Results: Among surviving patients, the mean (±SD) 2-year LVESVI was 52.6±27.7 ml per square meter of body-surface area with mitral-valve repair and 60.6±39.0 ml per square meter with mitral-valve replacement (mean changes from baseline, -9.0 ml per square meter and -6.5 ml per square meter, respectively). Two-year mortality was 19.0% in the repair group and 23.2% in the replacement group (hazard ratio in the repair group, 0.79; 95% confidence interval, 0.46 to 1.35; P=0.39). The rank-based assessment of LVESVI at 2 years (incorporating deaths) showed no significant between-group difference (z score=-1.32, P=0.19). The rate of recurrence of moderate or severe mitral regurgitation over 2 years was higher in the repair group than in the replacement group (58.8% vs. 3.8%, P<0.001). There were no significant between-group differences in rates of serious adverse events and overall readmissions, but patients in the repair group had more serious adverse events related to heart failure (P=0.05) and cardiovascular readmissions (P=0.01). On the Minnesota Living with Heart Failure questionnaire, there was a trend toward greater improvement in the replacement group (P=0.07).
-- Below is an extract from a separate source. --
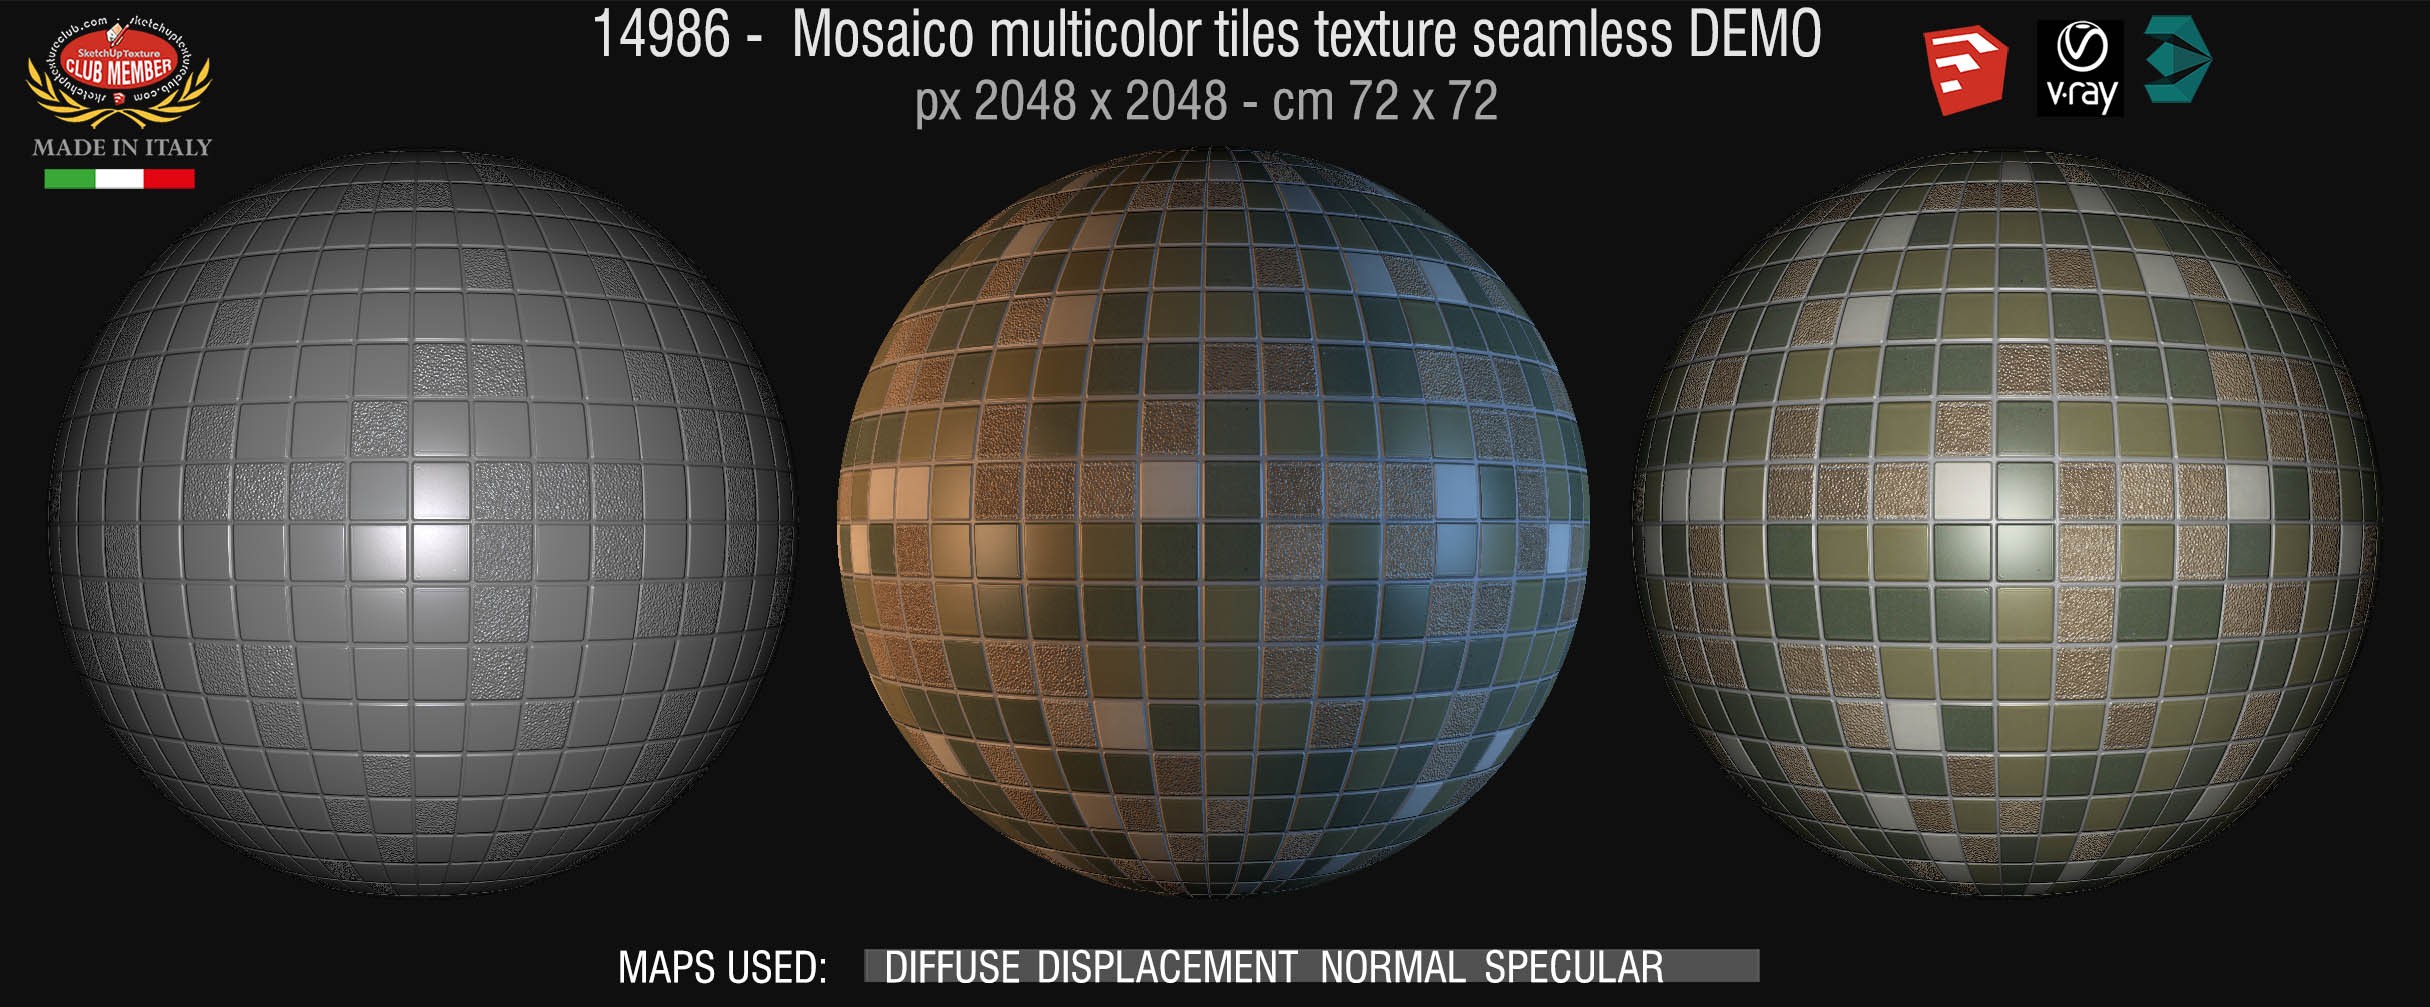 14986 Mosaico multicolor tiles texture seamless + maps DEMO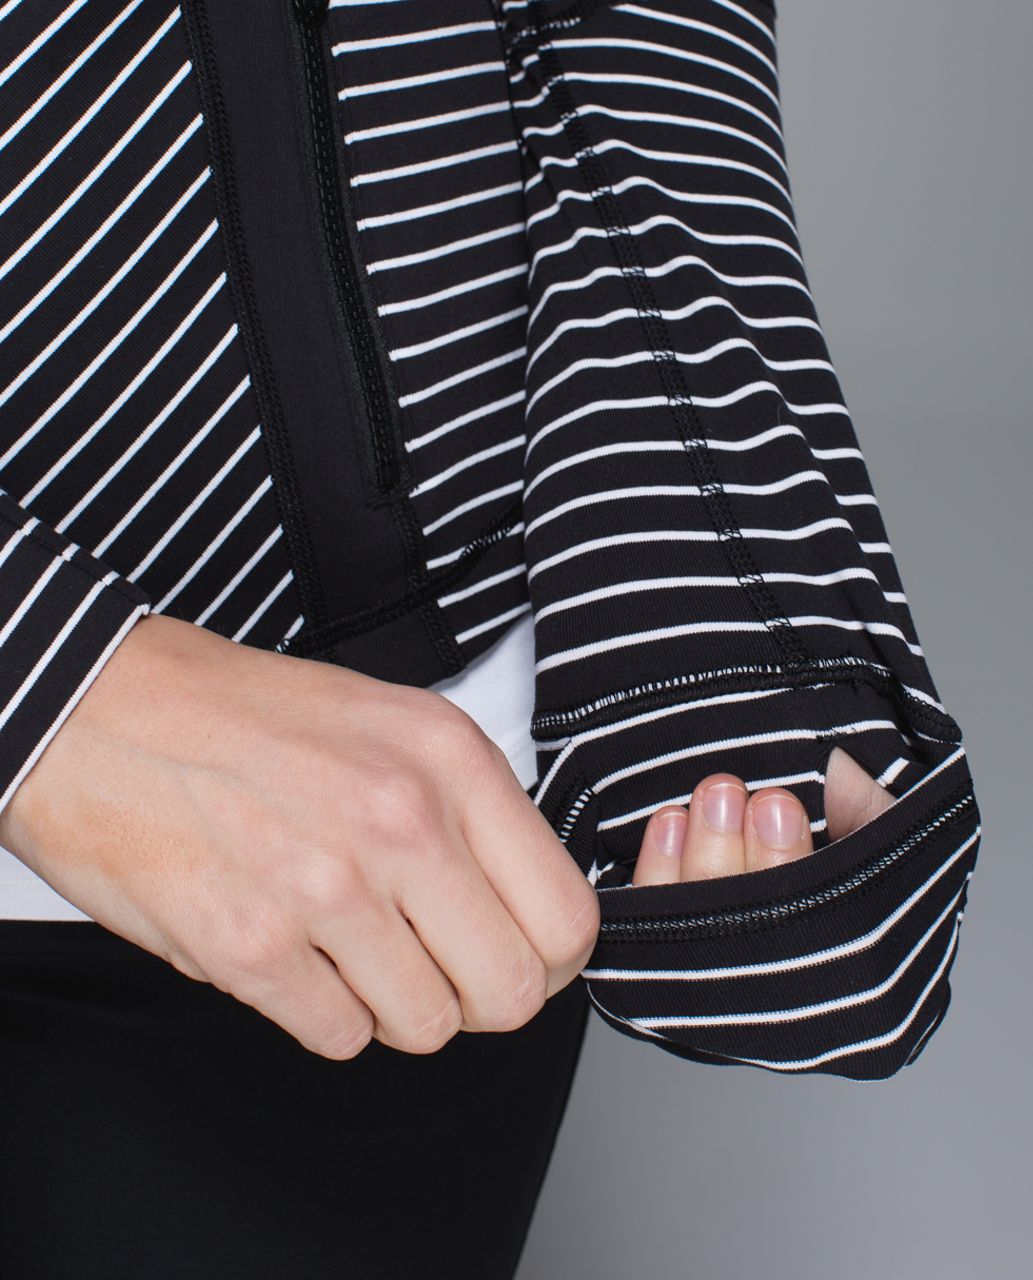 Lululemon Define Jacket - Parallel Stripe Black White / Black

Conclusions: In patients undergoing mitral-valve repair or replacement for severe ischemic mitral regurgitation, we observed no significant between-group difference in left ventricular reverse remodeling or survival at 2 years. Mitral regurgitation recurred more frequently in the repair group, resulting in more heart-failure-related adverse events and cardiovascular admissions. (Funded by the National Institutes of Health and Canadian Institutes of Health Research; ClinicalTrials.gov number, NCT00807040.).